For Switzerland specifically, Amstad's insistence that the country must retain access to the most advanced AI models reflects both pragmatic necessity and a broader strategic concern. Switzerland's position as a global financial hub depends partly on maintaining supervisory capacity that matches or exceeds that of larger financial centres. If Swiss regulators lack access to equivalent AI tools, the country risks becoming less attractive to sophisticated financial institutions or facing regulatory arbitrage where firms locate operations in jurisdictions with more technologically capable oversight.

The toolkit being developed through FINMA's initiatives encompasses more than just detection and monitoring systems. Regulators are exploring how AI itself can be used to stress-test financial systems before crises occur, to model cascading failures across interconnected markets, and to identify systemic risks that emerge only when multiple institutions' behaviours interact. This represents a maturation of regulatory thinking: rather than reacting to scandals and failures, supervisors are attempting to build predictive capacity grounded in advanced analytics.

Yet significant obstacles remain. Regulatory institutions typically lack the recruitment and retention capacity to attract top-tier AI talent that financial firms can afford. Moving sophisticated AI tools from hackathons into sustained operational deployment requires not just technical skill but institutional change—new governance structures, revised regulatory frameworks, and training programmes for supervisory staff accustomed to more traditional methods. The transition also raises accountability questions: if AI systems identify a risk and regulators act on that signal, who bears responsibility if the AI assessment proves wrong?
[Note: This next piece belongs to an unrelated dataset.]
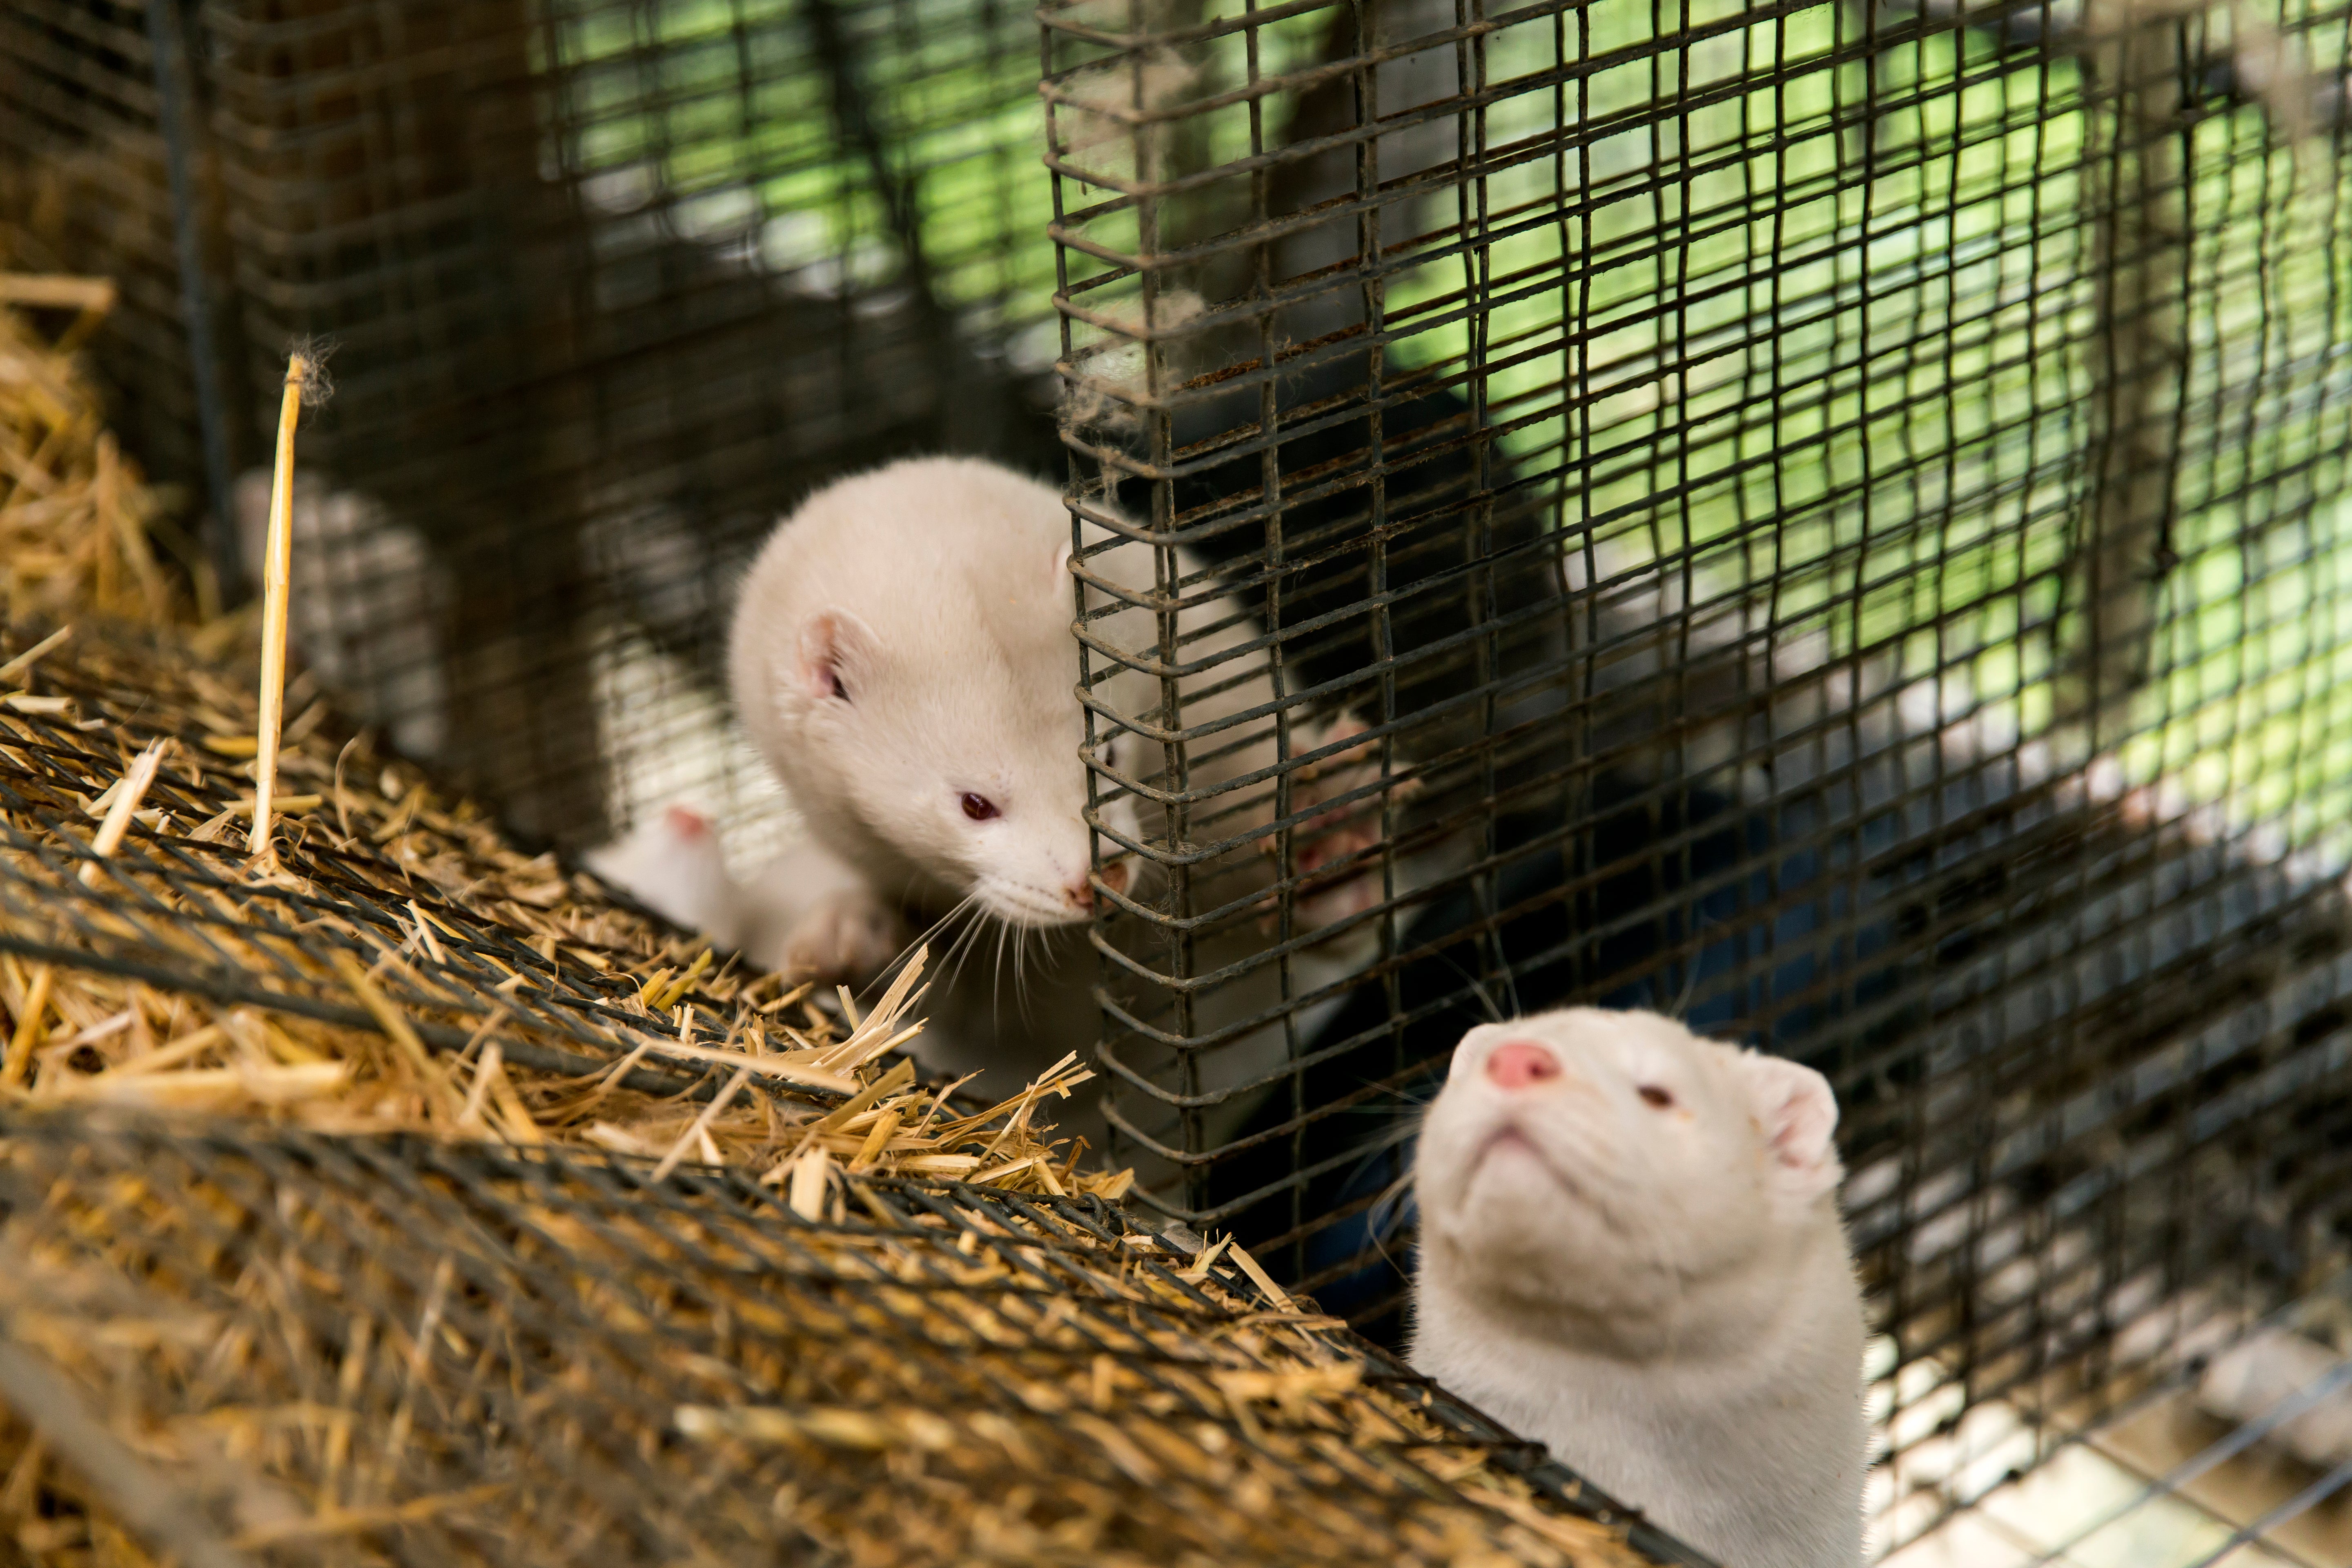 The Danish government ordered the culling of all 17m mink in its fur farms

For Malaysian readers observing these developments, the implications extend beyond Switzerland. As Bank Negara Malaysia and other regional regulators increasingly supervise financial institutions operating across multiple jurisdictions, they must contend with the same technological shifts reshaping oversight in developed markets. The vulnerabilities being identified in global financial infrastructure are not geographically bounded, and cyberattacks targeting institutions in Southeast Asia routinely originate from actors exploiting techniques and tools developed globally. The race among major regulators to deploy AI for supervisory purposes will inevitably influence what standards and practices become expected throughout international finance.
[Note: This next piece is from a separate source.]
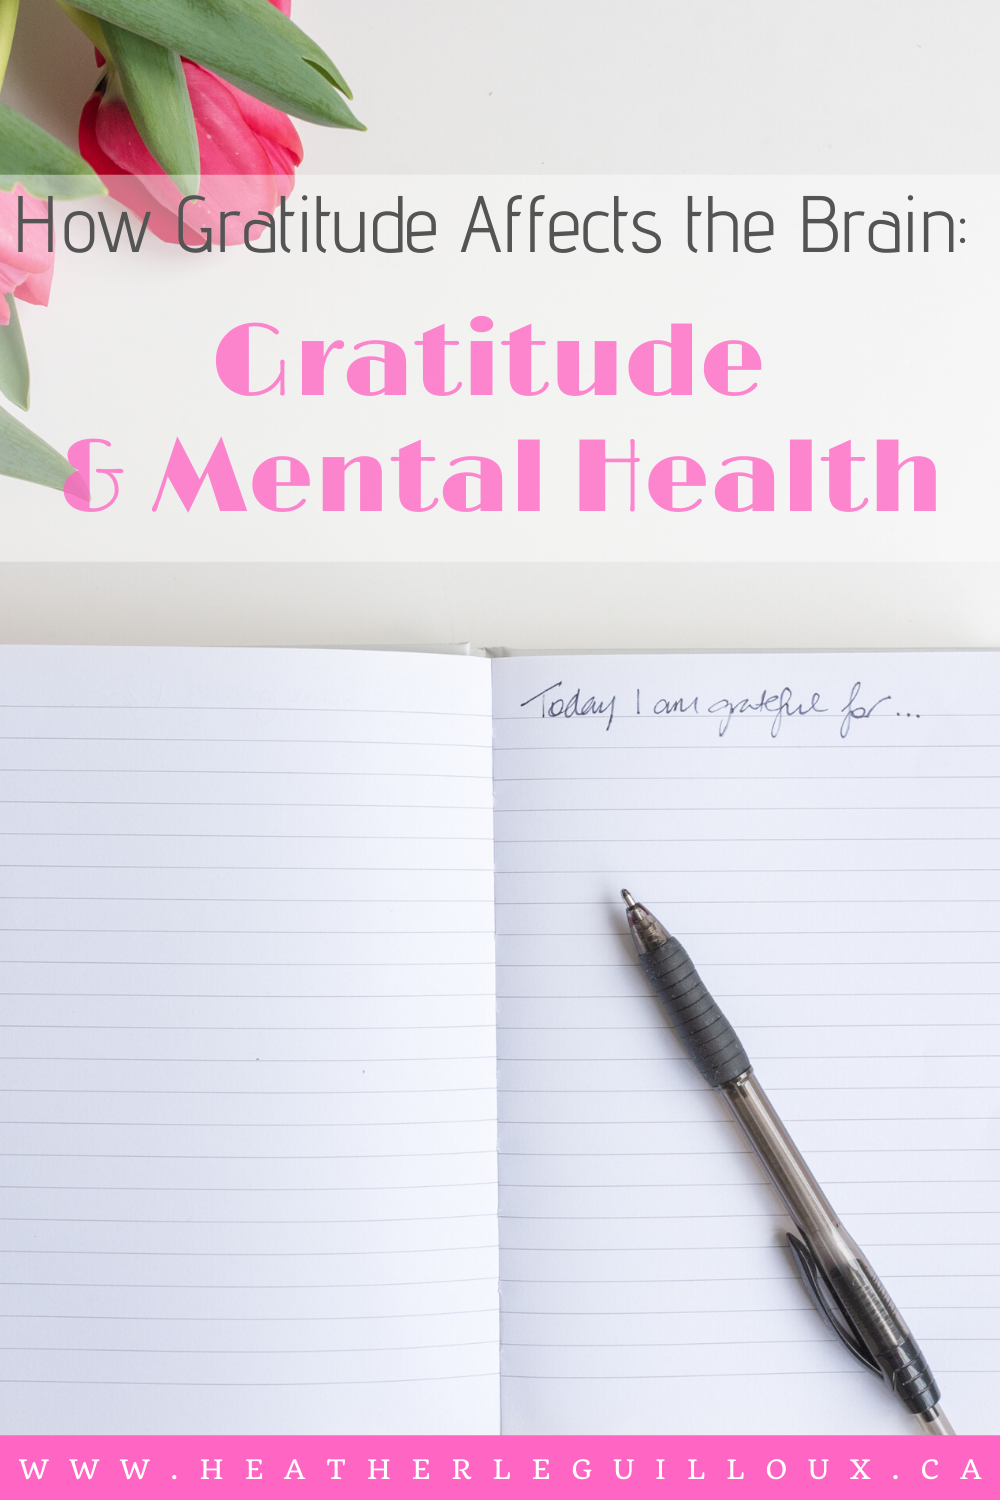 This experiment suggests that gratitude affects the brain with complex social emotions. Gratitude and mental health go hand in hand. This guest article will explore the physiological and psychological aspects of how showing gratitude can positively (or negatively) impact on a person. #gratitude #mentalhealth #mentalhealthblog #anxiety #depression

The momentum toward regulatory adoption of AI reflects pragmatic acceptance that financial supervision cannot remain static. As financial institutions harness AI to manage risk and optimise operations, regulators must develop equivalent capacity simply to understand what they are overseeing. This creates a peculiar dynamic where technological competition drives innovation in oversight itself, potentially improving market stability even as it creates new dependencies on complex systems that themselves require constant monitoring. The challenge ahead is ensuring that this technological arms race strengthens rather than destabilises the financial systems regulators are tasked with protecting.